Перевод мой лежит открытым на белой скатерти. Все же венский стул, который, когда я ухожу с головой в работу, отчаянно скрипит подо мной, довольно удобное сиденье. Хочу — устраиваюсь так, что вижу из углового окна улицу, которая завершается железнодорожным забором, захочу поглядеть на что-нибудь другое — поворачиваю стул и рассматриваю крытые толем крыши, которые беспорядочными зазубринами изламывают горизонт. Словно картузы деревенских мужиков, с надвинутыми глубоко на лоб козырьками, те, что поновее, — глаже, другие — вымоченные дождями и обмякшие. Деревенское начало тут, на городской окраине, в великом многообразии сливается с городским. На размокших огородах сверкает в бороздах вода и гниет картофельная
Вокруг тишина.
Все условия для того, чтобы сосредоточиться.
На белой скатерти исписанные листки и книга с закладкой. У нас с Кристьяном все получается как-то так, что один работает за двоих. Когда учился он — зарабатывала я. А когда Калганов три года тому назад посоветовал нам переселиться из Ленинграда, то на первых порах в этом Тикапере занятия Кристьяну не нашлось. Зато я тут же получила место в сельской больнице, благо у меня было давнишнее свидетельство об окончании курсов медицинских сестер. А вернувшись в тридцать девятом обратно в Ленинград, домохозяйничала я, Кристьян же трудился за двоих на ремонтных работах. С переводами у меня было тогда туговато — издательство «Сеятель» закрылось.
Сейчас — сейчас у нас никакой заботы!
Пусть Кристьян зарабатывает на хлеб, а я могу спокойно оставаться дома и переводить на родной язык великие мысли из этой малоформатной книжки в серой обложке.
«В теории познания, как и во всех других областях науки, следует рассуждать диалектически, т. е. не предполагать готовым и неизменным наше познание, а разбирать, каким образом из незнания является знание, каким образом неполное, неточное знание становится более полным и более точным».
Главное — точность и корректность.
Когда по приезде я пошла становиться на партийный учет, секретарь горкома воскликнул, будто он выступал на многолюдном митинге, хотя в помещении мы были одни:
— Вас нужно, не мешкая, пристроить к делу! — вскинул руку.
Наклонившись к нему, я негромко сказала, что пока хочу остаться на мужниных хлебах.
Рука секретаря опустилась. Он усмехнулся и откинулся на спинку стула.
— А в чем загвоздка?.. Перед нами совершенно небывалые задачи, и вдруг…
Он старался не оскорбить меня, хотя выражение лица выдавало, что он считает меня чуть ли не дезертиром.
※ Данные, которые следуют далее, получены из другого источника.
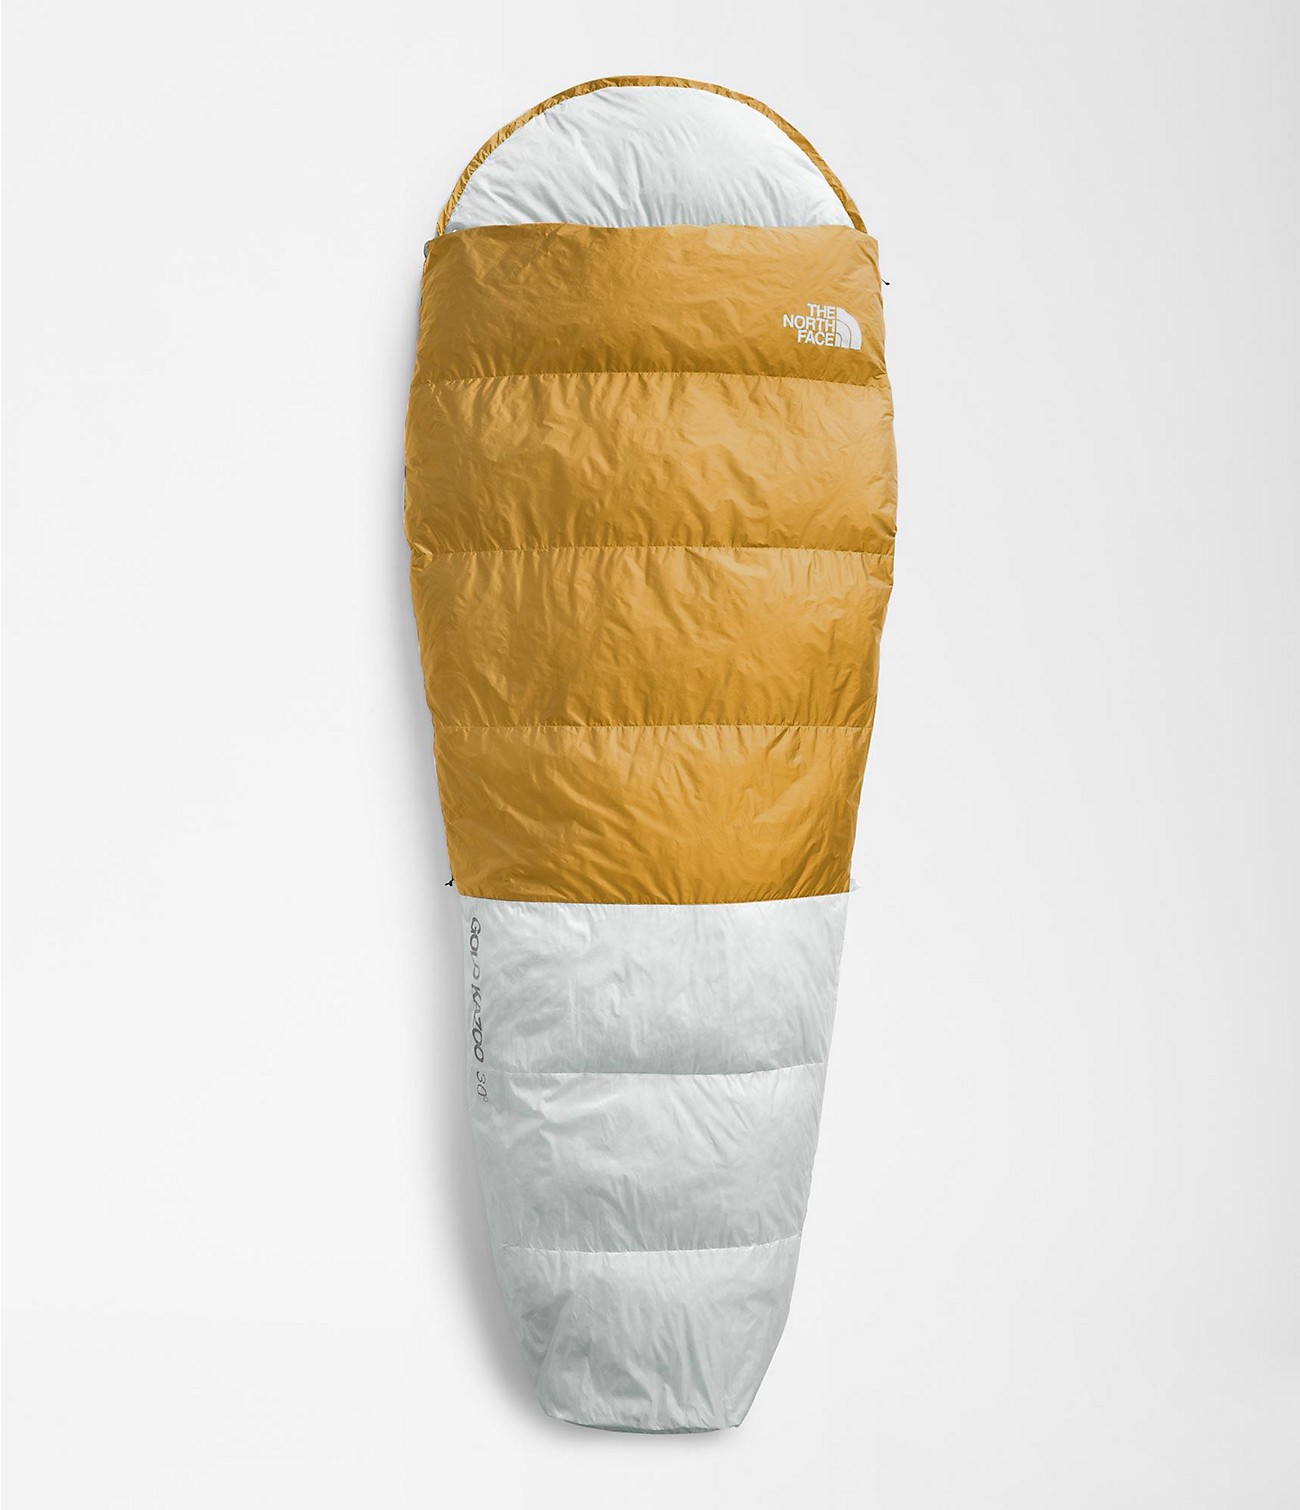 Inferno -40F/-40C Sleeping Bag | The North Face

— У коммуниста нет права оставаться в сторонке, нужно браться за дело, — поучительно заметил он чуть погодя.
— Все зависит от умения и опыта, — усмехаясь, возразила я. — Хочу перевести на эстонский язык «Материализм и эмпириокритицизм». Уже с каких пор у меня начат перевод.
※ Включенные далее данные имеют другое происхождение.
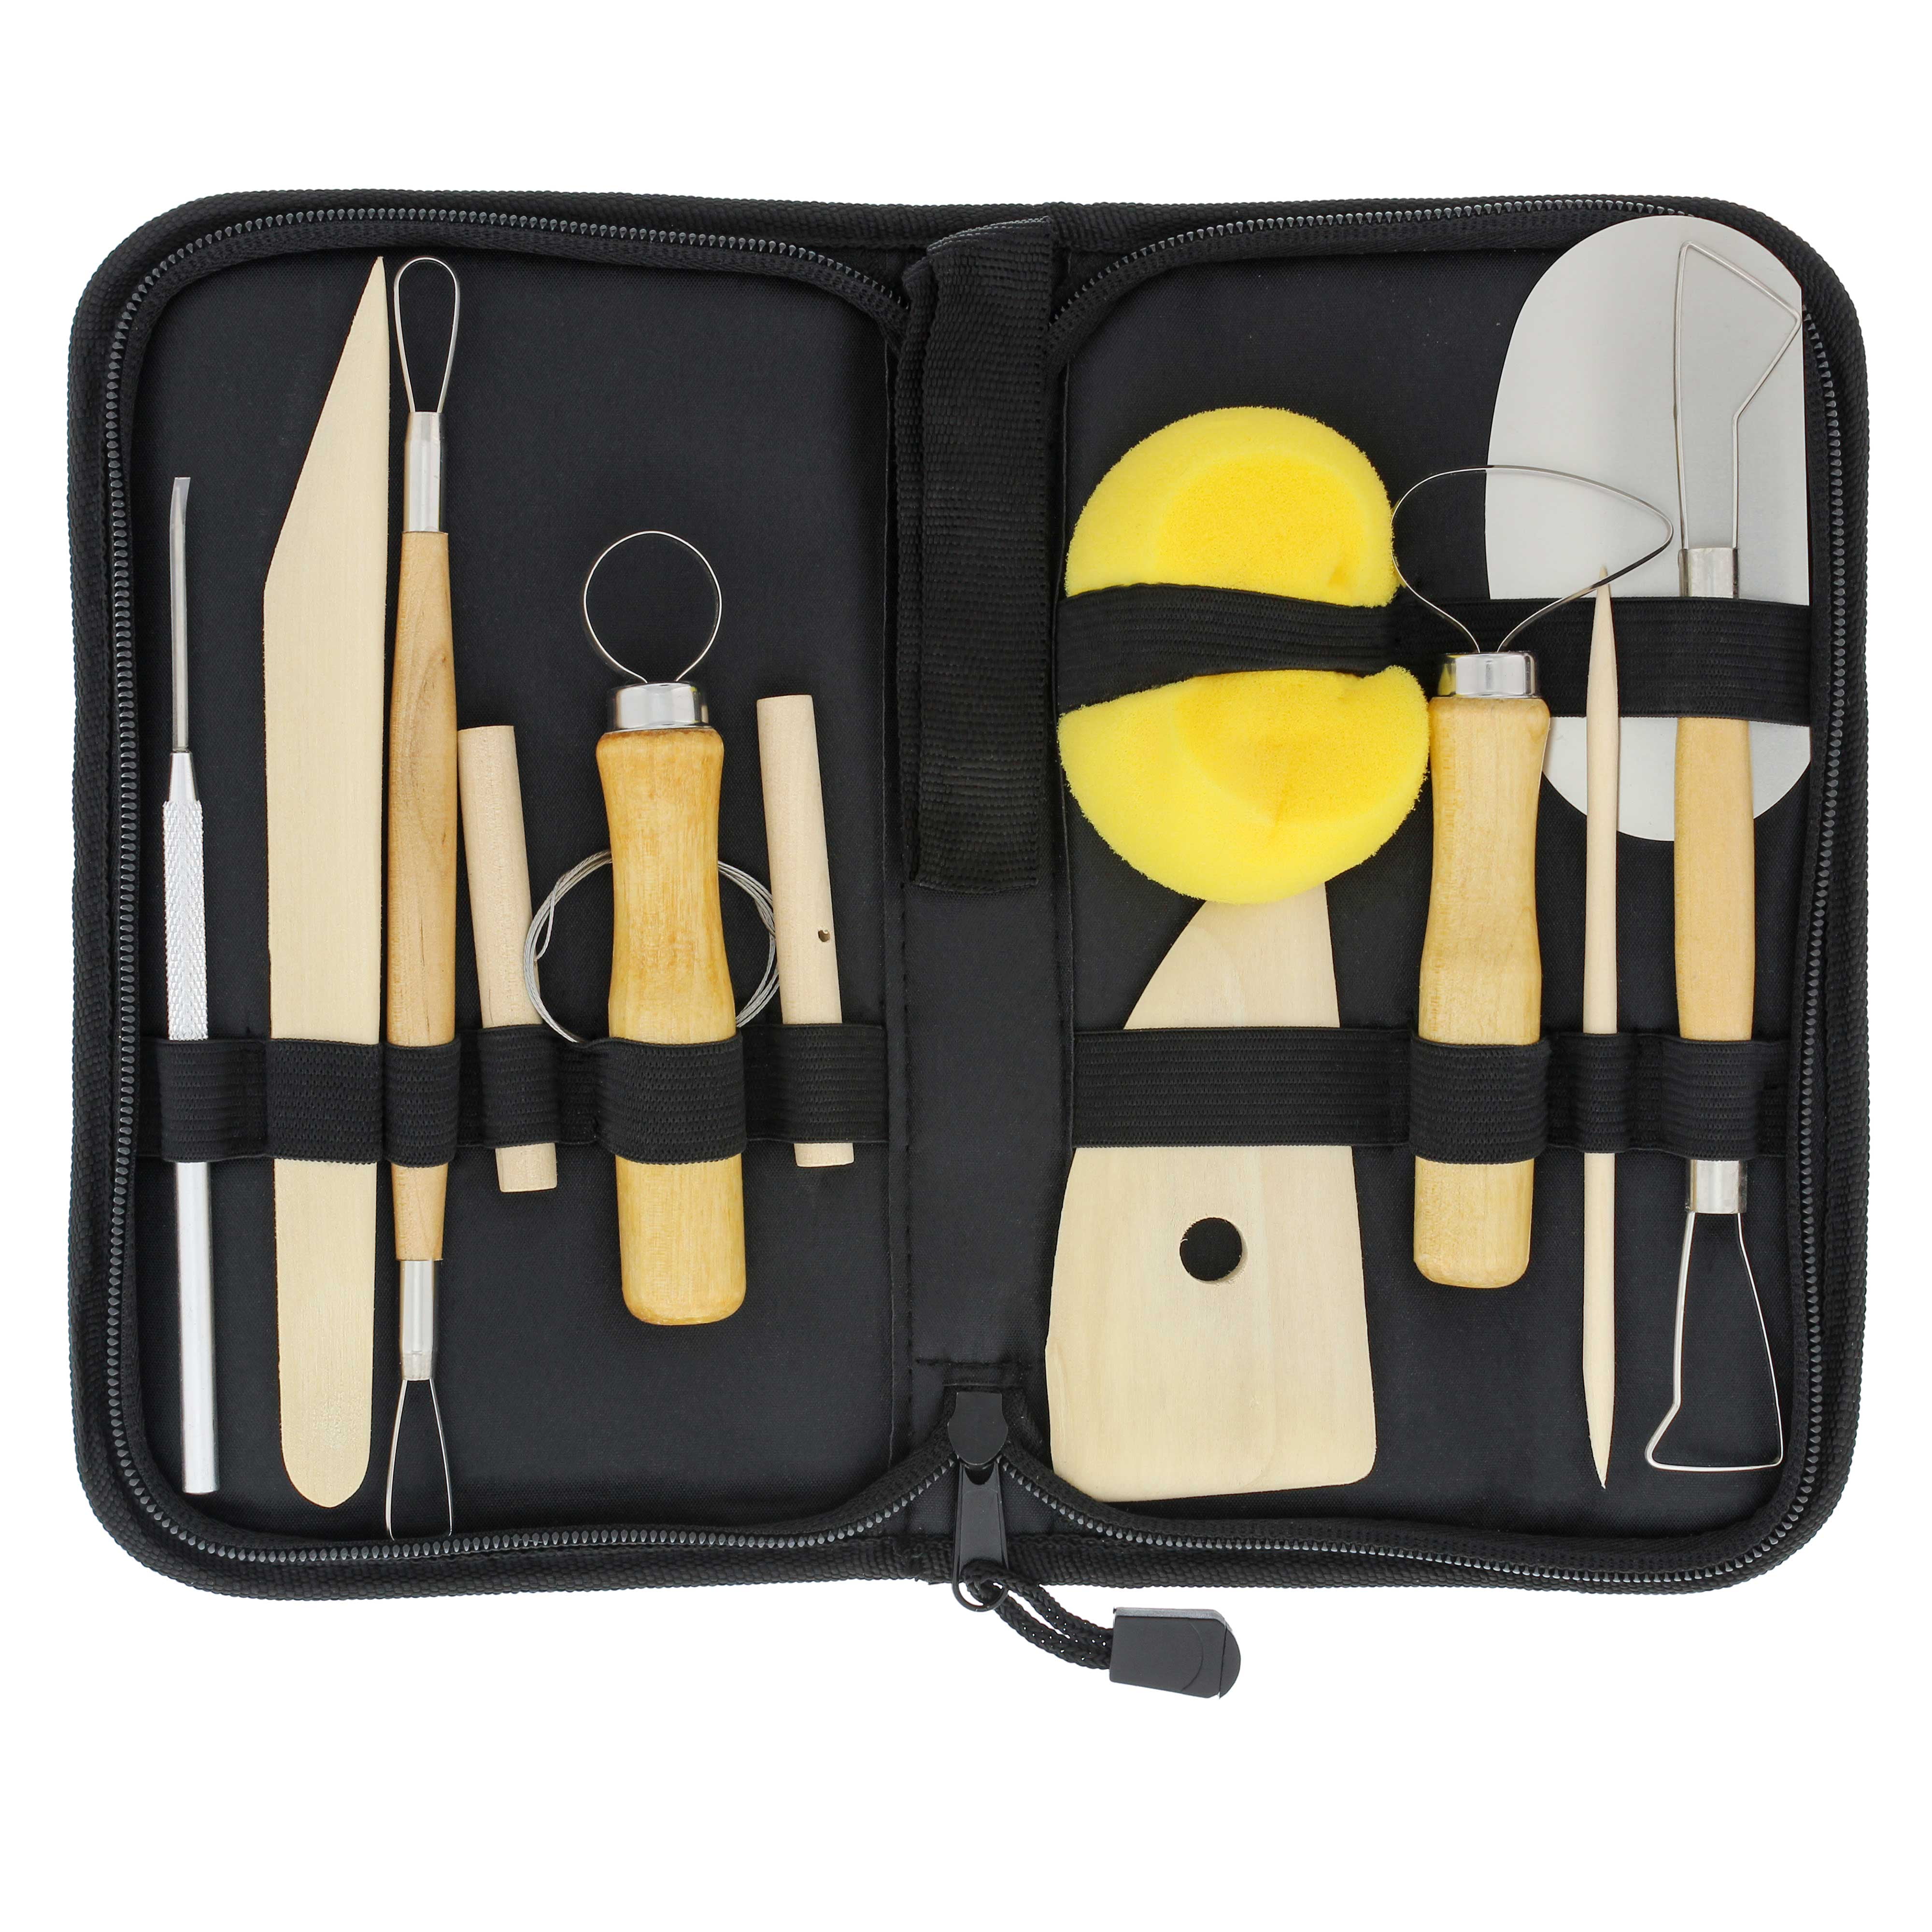 National Artcraft Potter's Tool Kit Contains 8 Essential Tools for

Секретарь опустил глаза. Я так и не видела, как он воспринял мои слова.
Да, в настоящий момент, может, и не самое главное — издавать на эстонском языке «Материализм и эмпириокритицизм», но ведь придет время, когда еще похвалят за дальновидность.
Пускай же Кристьян заботится о хлебе насущном и прочем, а я со спокойной душой вернусь к своей давнишней мечте.
Совершенно естественно, что в период, когда молодая республика только еще встает на ноги, когда идет передел земли, борются со спекуляцией, устанавливают зарплату, создают станции общественного сельскохозяйственного инвентаря, проводится школьная реформа и отчуждается частная собственность, — практическая работа стоит на первом месте, а углубляться в теорию предстоит в более спокойные времена.